I listened the first song on the list, it was good. 
Pretty chill and little melancholic at the same time.


----------



## Mercury

jani said:


> I listened the first song on the list, it was good.
> Pretty chill and little melancholic at the same time.


You've just summed up most of the album, haha. A recurring theme is the contrast (or lack thereof) between light and darkness.


----------



## Ramako

I might consider it. I see you don't mean song literally as in singing, which encourages me. It would be an interesting exercise to encourage me to write faster.

What kind of a project is this? I don't quite understand the purpose of it - as in, if I choose to take part, what happens  Also, you are not looking for cross-over fusion type stuff are you? Because I can't do that.

We shall see on Monday.


----------



## Kopachris

I notice you label each of these tracks (except for the Bright remix, of course) as "classical." It's kind of hard to say whether or not that's correct. Could you explain why you consider them "classical?" That would really help me understand the nature of the pieces.


----------



## Mesa

I think you grossly misunderstand what 'Techno' actually is. Kudos for the effort, though.


----------



## Ravndal

Just because you made that thing in FL, doesn't mean it's techno, or even some sort of electronic genre.

This, on the other hand *is techno*:






OT:

Challenge accepted, starting today


----------



## Jeremy Marchant

Mercury said:


> Hey guys.
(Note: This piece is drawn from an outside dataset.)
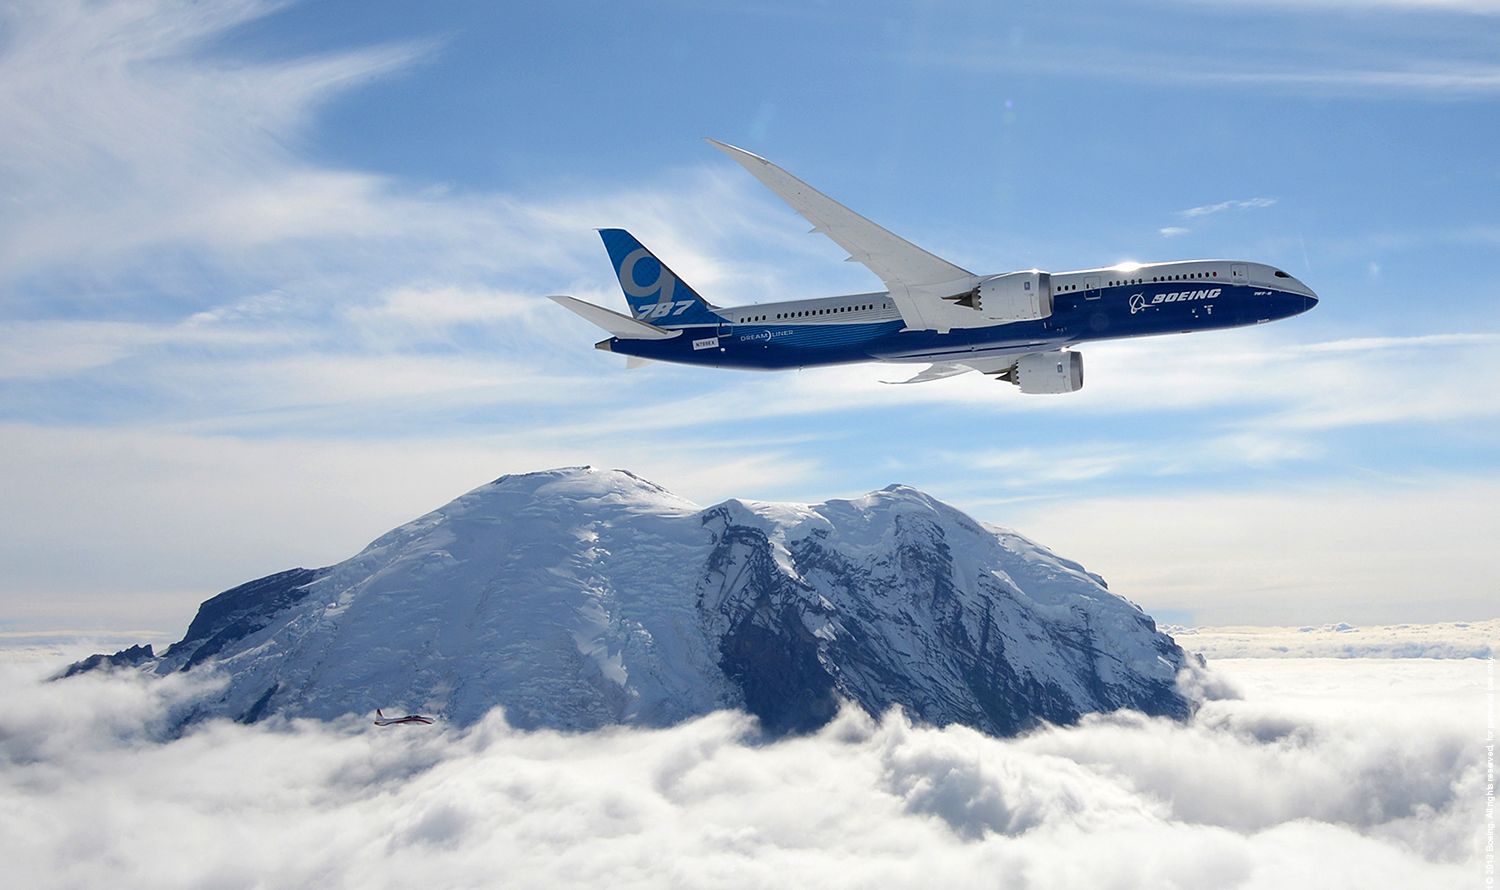 Előzetes hírek szerint a hosszú 787-esek közül az első prototípus jön Angliába
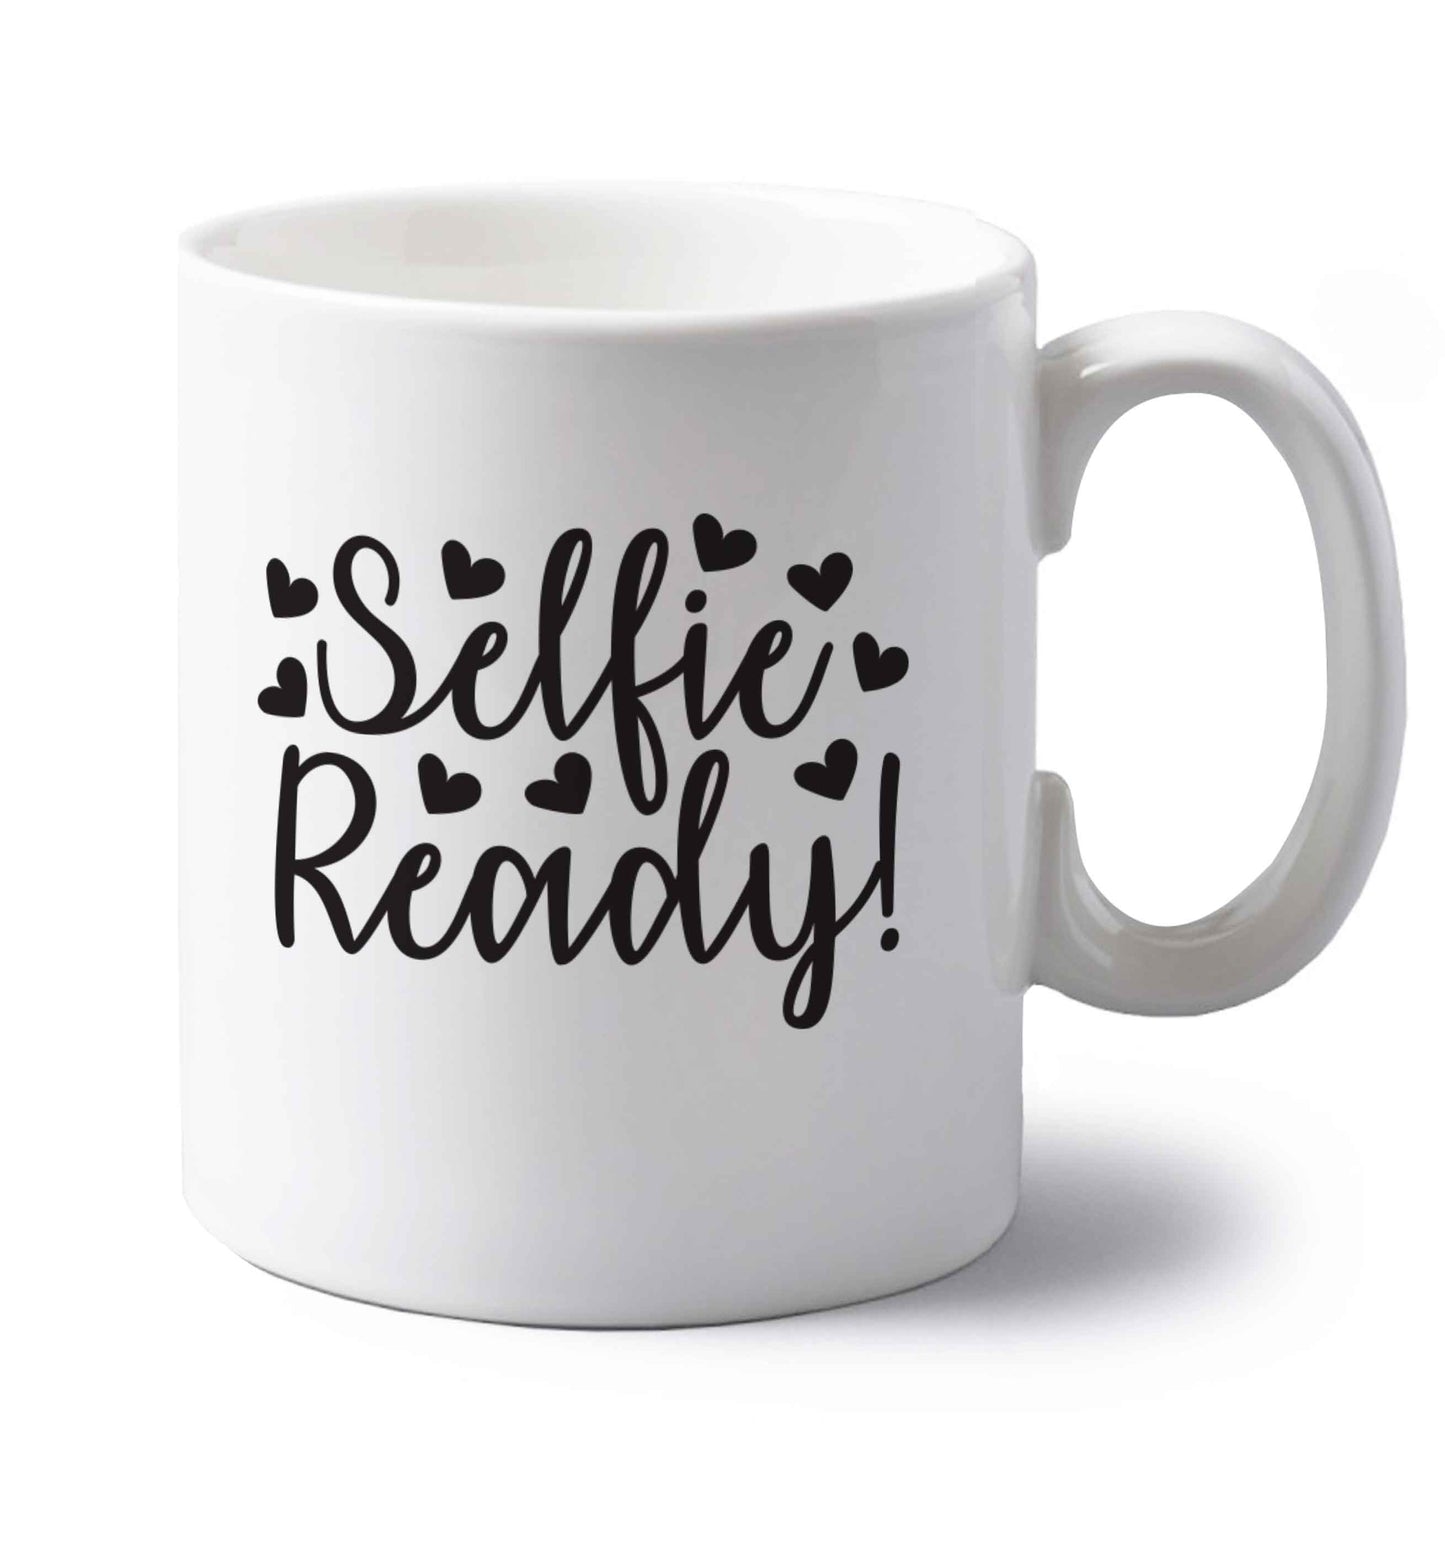 Selfie ready left handed white ceramic mug

I am Mercury Band.
> 
> Around July 30, I started a project to compose one piece of music per day, to end up with a total of 10 songs (a full album) of piano music. To avoid annoying anyone for religious reasons, I did not compose anything on Saturdays or Sundays. ...


The YouTube page describes this as a "classical piano sonata". I was wondering in what senses you are using the words "classical", "piano" and "sonata". And why the hell do you care whether anyone might be annoyed (offended?) by you compoing on certain days of the week?


----------



## Kopachris

I do think I'll take up the challenge and write ten cello preludes in the next fourteen days. My weekends (Wednesday and Thursday) will be spent practicing and/or recording what I've written.


----------